ICE lab work on human metabolism is recognized at RACMEM 2025

© 2025 Chinese Academy of Science
On October 13-17, 2025, Prof. Dolaana Khovalyg and Fariza Sabit, a second-year PhD student at the ICE lab, traveled to Shenzhen (China) for the prestigious Recent Advances and Controversies in Measuring Energy Metabolism (RACMEM 2025) conference. Hosted by a renowned biologist, Prof. John Speakman, this gathering brings together the world’s leading voices to tackle the grand challenge of measuring energy expenditure in daily life.

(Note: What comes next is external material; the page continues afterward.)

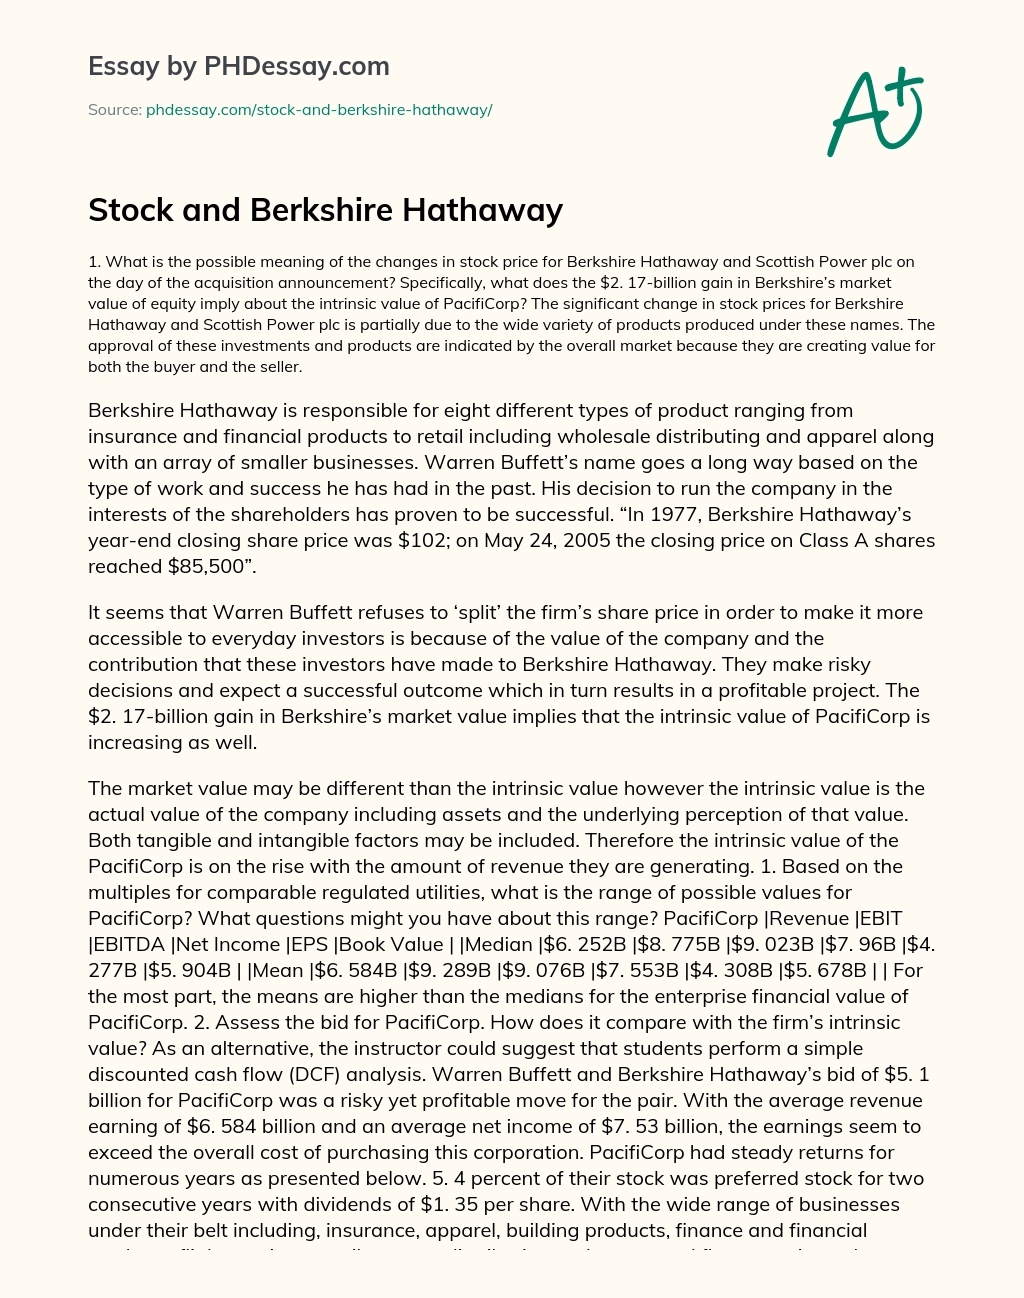 Stock and Berkshire Hathaway essay

We are thrilled to announce that the team’s work received significant international recognition, with Fariza winning the Life Metabolism Scholarship, a distinction awarded to only three projects globally.
The "Activity Paradox": Why Your Smartwatch Might Be Wrong
Fariza presented "The Activity Paradox: A New Framework for Metabolic Modeling," a systematic review of 63 studies that deconstructs why laboratory-validated models often fail when we step out into the real world. The study identifies a fundamental flaw called the "Activity Paradox": models fall short because they are designed to isolate the energy cost of motion while ignoring the dynamic, non-resting metabolic context — like what you ate, the time of day, and the temperature around you — in which that activity occurs.

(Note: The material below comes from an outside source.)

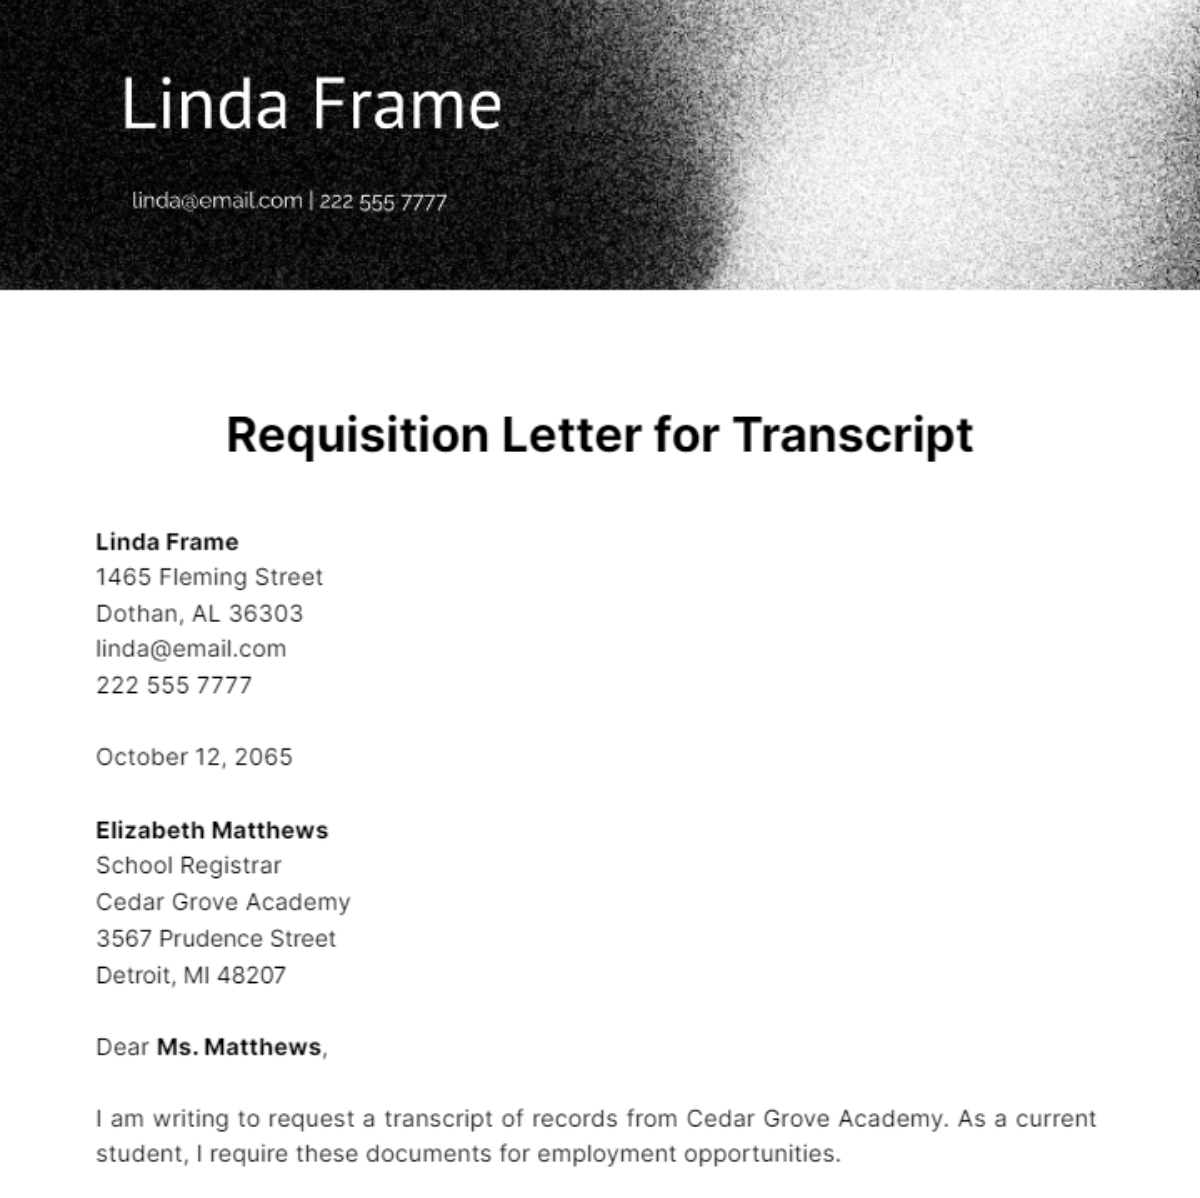 Requisition Letter for Transcript Template

A New Framework for Precision
To bridge this "lab-to-life" chasm, the ICE lab proposes a paradigm shift that deconstructs metabolic variability along two intertwined axes:
The axis of temporal resolution (Capturing the "Right Now"):
- While daily totals might look accurate, they often hide substantial minute-by-minute errors.
- At a granular level, "invisible" factors like the energy used to digest food (Postprandial thermogenesis) become glaring liabilities for current models.
- This creates a "Resolution Trilemma": a tug-of-war between the need for detailed insight, the demand for statistical accuracy, and the practical limits of wearable tech.
The Axis of Personalization (Capturing the "Unique You"):
- The lab's "Ladder of Personalization" moves us away from generic population averages that treat everyone as metabolically uniform.
- The goal is to climb toward fully individualized models that use real-time signals, such as muscle activity (EMG) and behavioral signatures, to "learn" a person's unique metabolic parameters over time.
- This approach represents a promising path toward resolving the challenge of biological diversity.
"It was an honor to present our framework to such a specialized audience and receive validation from leaders in the field," said Fariza.
In addition to the award-winning presentation, the team showcased a poster titled “Metabolic rate without movement: The role of cognitive load,” exploring how mental effort impacts our metabolic baseline — a perfect example of the "non-resting" factors current models often miss.
Congratulations to the ICE lab for their contribution to the global dialogue on energy metabolism!